● Records supplied:
####

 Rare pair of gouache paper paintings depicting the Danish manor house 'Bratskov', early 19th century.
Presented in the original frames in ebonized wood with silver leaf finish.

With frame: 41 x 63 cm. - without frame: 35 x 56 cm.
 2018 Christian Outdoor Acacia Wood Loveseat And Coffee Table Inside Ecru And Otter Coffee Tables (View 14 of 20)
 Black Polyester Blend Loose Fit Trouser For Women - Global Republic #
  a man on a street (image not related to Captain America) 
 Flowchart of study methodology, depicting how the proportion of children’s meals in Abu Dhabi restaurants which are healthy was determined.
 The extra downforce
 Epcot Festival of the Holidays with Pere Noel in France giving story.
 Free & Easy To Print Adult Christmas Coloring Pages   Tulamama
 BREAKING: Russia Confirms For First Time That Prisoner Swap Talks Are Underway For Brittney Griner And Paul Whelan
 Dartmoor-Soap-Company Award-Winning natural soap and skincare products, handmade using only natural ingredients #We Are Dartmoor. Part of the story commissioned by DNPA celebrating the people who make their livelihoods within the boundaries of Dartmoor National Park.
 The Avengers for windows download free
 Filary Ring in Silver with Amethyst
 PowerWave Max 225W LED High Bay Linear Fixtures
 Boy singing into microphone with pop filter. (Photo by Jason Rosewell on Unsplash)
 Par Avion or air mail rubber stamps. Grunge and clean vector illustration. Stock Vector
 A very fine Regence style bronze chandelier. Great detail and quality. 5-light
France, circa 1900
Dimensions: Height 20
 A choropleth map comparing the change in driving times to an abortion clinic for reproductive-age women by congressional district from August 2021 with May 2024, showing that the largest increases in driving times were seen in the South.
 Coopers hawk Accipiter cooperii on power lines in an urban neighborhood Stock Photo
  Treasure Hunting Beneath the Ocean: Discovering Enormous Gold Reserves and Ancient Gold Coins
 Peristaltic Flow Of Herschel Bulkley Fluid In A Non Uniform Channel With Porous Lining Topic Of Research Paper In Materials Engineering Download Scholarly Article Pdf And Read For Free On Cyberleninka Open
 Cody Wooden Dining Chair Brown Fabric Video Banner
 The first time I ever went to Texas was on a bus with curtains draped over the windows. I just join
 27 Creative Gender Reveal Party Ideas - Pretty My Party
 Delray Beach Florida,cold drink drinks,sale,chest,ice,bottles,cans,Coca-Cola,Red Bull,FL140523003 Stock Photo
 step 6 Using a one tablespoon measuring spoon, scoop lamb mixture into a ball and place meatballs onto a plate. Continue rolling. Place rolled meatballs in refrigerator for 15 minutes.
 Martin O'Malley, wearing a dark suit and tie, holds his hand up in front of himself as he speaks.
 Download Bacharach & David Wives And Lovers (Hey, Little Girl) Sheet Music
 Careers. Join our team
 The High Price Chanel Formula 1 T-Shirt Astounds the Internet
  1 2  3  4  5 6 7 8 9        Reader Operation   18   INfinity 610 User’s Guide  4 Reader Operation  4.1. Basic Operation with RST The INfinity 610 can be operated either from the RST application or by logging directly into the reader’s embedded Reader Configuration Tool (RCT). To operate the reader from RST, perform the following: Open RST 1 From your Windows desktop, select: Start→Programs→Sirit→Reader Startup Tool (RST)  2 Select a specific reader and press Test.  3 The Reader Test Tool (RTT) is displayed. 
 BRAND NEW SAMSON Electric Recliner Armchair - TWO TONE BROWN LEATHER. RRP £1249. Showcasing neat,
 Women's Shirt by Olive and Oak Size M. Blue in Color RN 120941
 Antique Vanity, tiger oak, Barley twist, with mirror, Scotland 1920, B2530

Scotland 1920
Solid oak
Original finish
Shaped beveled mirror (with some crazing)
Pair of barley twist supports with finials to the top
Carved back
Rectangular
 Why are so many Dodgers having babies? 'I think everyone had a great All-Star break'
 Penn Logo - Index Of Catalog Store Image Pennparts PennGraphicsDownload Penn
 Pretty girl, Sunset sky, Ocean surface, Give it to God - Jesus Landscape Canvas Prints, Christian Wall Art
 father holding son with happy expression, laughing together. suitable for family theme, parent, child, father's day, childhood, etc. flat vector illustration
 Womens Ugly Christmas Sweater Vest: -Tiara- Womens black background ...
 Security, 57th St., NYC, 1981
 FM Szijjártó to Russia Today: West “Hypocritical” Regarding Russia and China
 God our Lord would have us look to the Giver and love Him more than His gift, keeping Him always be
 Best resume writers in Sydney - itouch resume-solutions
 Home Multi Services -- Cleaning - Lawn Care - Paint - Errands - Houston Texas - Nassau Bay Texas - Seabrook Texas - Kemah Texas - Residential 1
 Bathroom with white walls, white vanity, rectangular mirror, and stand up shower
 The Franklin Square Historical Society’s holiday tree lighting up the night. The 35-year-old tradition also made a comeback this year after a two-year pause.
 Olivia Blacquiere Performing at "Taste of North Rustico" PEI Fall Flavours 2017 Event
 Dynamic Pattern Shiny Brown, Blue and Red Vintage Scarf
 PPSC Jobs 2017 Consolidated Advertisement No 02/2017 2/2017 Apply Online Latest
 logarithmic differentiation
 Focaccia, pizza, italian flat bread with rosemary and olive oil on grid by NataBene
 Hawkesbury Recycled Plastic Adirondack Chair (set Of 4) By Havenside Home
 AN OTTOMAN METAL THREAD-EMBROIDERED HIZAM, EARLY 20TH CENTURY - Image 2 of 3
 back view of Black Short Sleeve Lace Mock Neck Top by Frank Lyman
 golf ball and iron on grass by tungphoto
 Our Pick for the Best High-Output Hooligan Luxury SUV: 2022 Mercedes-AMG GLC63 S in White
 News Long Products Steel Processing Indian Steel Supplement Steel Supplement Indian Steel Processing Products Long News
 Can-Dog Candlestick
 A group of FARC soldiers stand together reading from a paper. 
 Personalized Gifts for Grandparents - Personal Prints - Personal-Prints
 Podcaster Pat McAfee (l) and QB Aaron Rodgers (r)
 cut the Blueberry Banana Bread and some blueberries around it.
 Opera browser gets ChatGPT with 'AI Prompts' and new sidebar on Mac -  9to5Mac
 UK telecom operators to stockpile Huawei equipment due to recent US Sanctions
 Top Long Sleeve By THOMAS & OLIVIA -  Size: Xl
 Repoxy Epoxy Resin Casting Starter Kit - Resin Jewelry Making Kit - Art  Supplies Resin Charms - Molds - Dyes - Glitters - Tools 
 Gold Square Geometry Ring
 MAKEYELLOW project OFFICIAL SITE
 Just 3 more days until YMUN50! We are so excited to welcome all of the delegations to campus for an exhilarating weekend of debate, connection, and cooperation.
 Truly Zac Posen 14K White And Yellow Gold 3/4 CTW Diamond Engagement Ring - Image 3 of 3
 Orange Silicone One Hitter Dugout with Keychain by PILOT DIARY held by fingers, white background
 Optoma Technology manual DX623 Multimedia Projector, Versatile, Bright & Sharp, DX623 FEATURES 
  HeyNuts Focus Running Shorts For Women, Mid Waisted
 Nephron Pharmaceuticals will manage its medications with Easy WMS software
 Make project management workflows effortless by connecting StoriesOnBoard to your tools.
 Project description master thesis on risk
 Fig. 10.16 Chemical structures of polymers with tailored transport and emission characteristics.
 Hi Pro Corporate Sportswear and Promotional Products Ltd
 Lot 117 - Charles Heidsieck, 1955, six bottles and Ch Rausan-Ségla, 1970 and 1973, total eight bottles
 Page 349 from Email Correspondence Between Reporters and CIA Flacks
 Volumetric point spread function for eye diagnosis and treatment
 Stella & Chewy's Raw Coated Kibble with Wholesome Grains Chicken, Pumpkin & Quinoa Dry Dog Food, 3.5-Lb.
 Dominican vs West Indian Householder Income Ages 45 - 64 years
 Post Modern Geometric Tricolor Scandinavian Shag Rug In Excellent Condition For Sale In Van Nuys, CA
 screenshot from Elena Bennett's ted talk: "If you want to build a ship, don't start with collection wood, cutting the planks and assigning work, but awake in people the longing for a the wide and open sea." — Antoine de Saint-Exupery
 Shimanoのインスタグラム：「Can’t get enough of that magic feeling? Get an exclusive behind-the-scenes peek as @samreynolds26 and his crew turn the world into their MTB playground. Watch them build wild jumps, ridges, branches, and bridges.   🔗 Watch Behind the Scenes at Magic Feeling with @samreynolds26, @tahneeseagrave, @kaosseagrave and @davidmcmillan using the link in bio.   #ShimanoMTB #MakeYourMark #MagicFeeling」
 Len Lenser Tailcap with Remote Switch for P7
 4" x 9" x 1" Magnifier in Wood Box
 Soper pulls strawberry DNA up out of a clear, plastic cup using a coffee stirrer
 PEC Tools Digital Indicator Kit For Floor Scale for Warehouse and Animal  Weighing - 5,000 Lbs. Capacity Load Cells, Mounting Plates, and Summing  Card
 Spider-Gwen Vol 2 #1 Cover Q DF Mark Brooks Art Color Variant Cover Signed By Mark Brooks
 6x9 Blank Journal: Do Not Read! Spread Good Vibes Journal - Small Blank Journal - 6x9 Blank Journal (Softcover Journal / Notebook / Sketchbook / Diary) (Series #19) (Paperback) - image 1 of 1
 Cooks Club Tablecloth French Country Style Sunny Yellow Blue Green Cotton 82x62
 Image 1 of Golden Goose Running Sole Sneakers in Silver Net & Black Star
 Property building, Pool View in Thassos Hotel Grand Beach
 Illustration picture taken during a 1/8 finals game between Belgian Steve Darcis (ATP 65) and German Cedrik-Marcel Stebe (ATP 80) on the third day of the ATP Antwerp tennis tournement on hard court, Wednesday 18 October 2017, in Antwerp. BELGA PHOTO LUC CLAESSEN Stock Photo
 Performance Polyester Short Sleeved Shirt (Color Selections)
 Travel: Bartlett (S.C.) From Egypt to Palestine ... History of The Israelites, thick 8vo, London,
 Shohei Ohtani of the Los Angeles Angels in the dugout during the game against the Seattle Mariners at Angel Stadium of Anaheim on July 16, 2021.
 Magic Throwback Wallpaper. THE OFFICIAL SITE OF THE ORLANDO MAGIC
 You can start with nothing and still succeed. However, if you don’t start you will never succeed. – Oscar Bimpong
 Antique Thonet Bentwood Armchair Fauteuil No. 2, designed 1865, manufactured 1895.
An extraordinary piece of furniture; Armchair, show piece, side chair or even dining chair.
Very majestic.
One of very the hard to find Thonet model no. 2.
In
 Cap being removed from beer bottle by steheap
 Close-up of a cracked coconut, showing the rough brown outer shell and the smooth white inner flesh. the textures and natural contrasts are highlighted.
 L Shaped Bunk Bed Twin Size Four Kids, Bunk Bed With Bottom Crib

####

● Task description: Print only what lies in the material above starting at the line with "With frame: 41" and ending at the line with "a man on a street", every line exactly as given.

● Answer for the task:
With frame: 41 x 63 cm. - without frame: 35 x 56 cm.
 2018 Christian Outdoor Acacia Wood Loveseat And Coffee Table Inside Ecru And Otter Coffee Tables (View 14 of 20)
 Black Polyester Blend Loose Fit Trouser For Women - Global Republic #
  a man on a street (image not related to Captain America) 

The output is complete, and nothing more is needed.